■ Supplied material ■
※ ※ ※

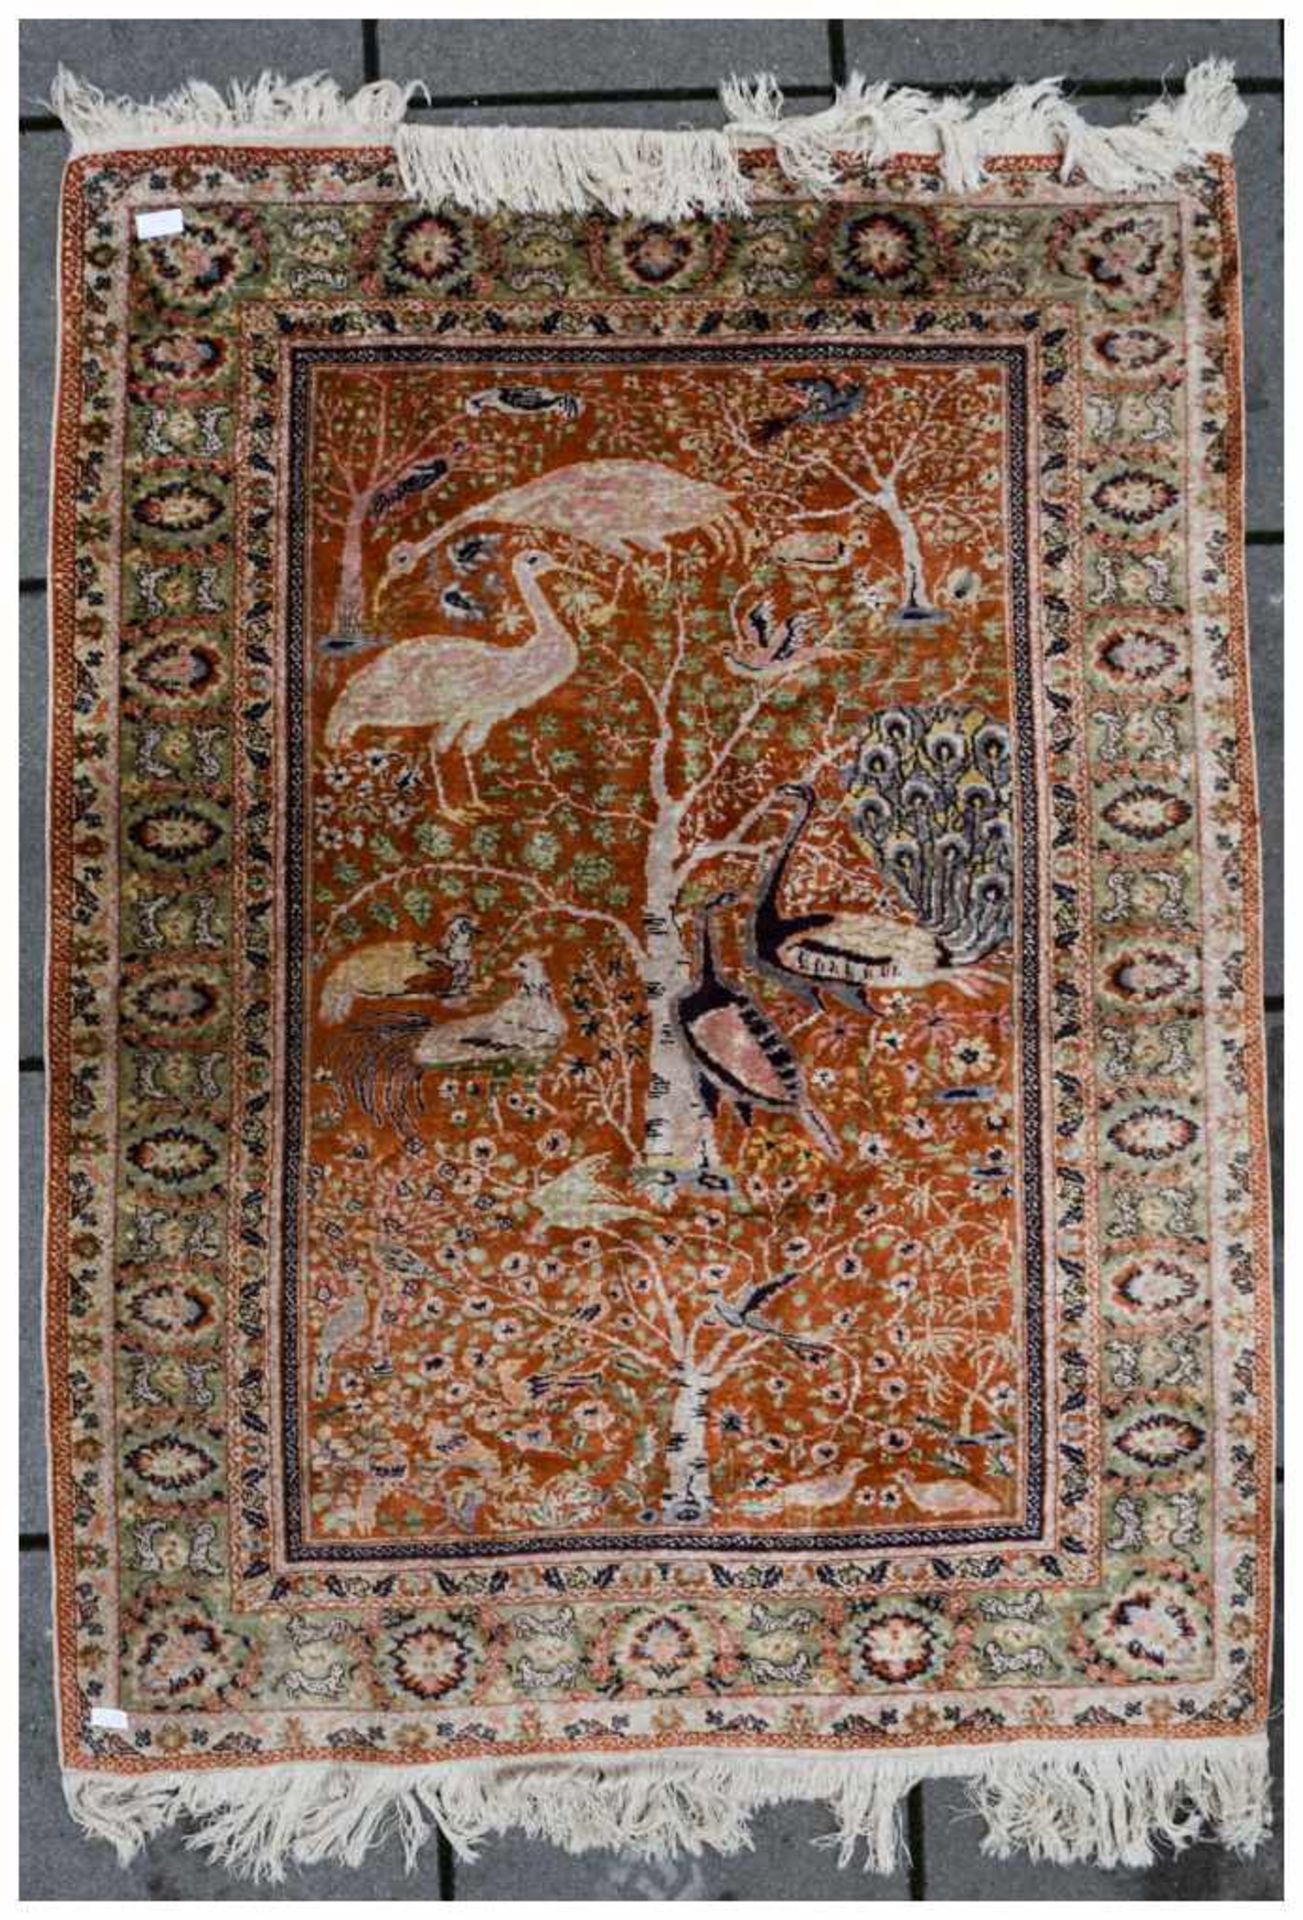 SEIDENTEPPICH 1, polychrom, Persien 20. Jahrhundert Hellrot/orange, Vögel, Kraniche, Pfauen mit
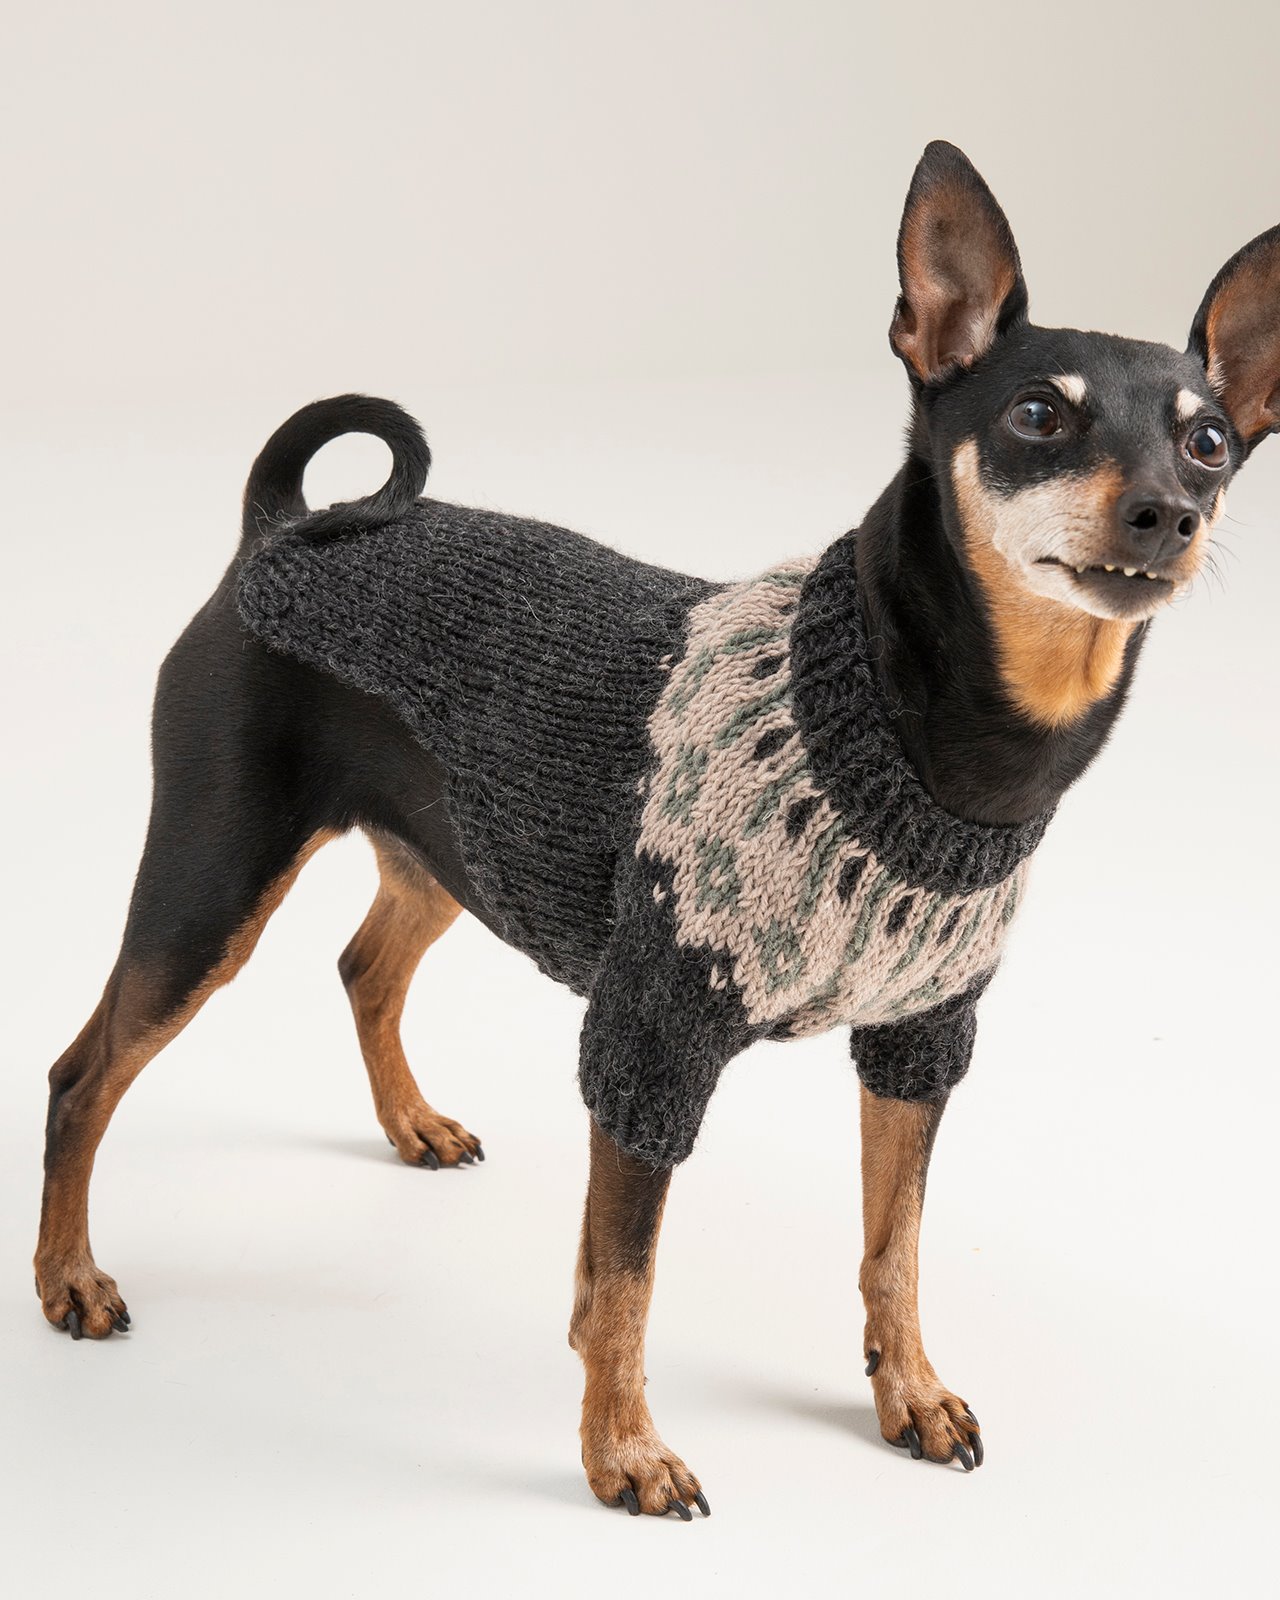 FRAYA knitting pattern - Chili Dog Sweater, accessories FRAYA4025_image_DogSweater.jpg
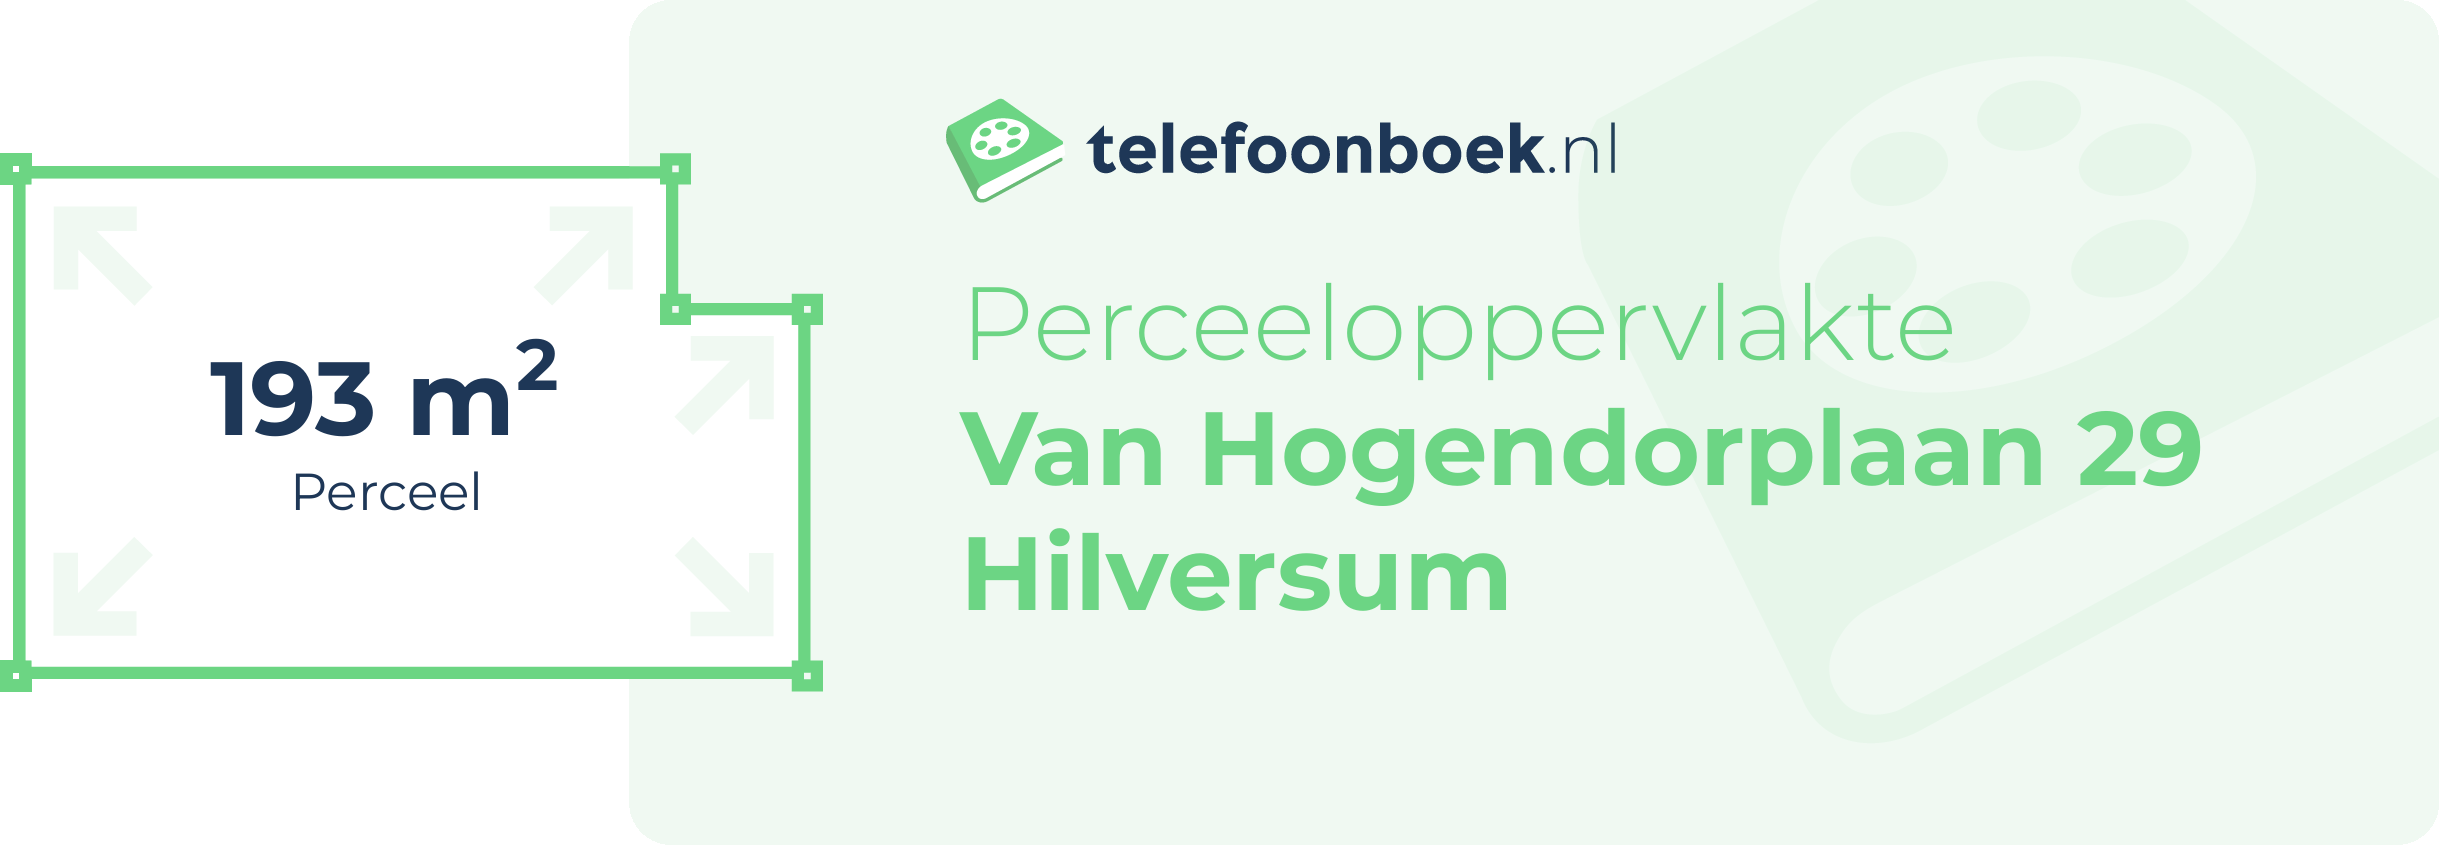 Perceeloppervlakte Van Hogendorplaan 29 Hilversum

※ ※ ※

■ What is expected ■
Would you write out the material above in full, exactly as given, except for its pictures?

■ Solution to this task ■
 SEIDENTEPPICH 1, polychrom, Persien 20. Jahrhundert Hellrot/orange, Vögel, Kraniche, Pfauen mit
 FRAYA knitting pattern - Chili Dog Sweater, accessories FRAYA4025_image_DogSweater.jpg
 Perceeloppervlakte Van Hogendorplaan 29 Hilversum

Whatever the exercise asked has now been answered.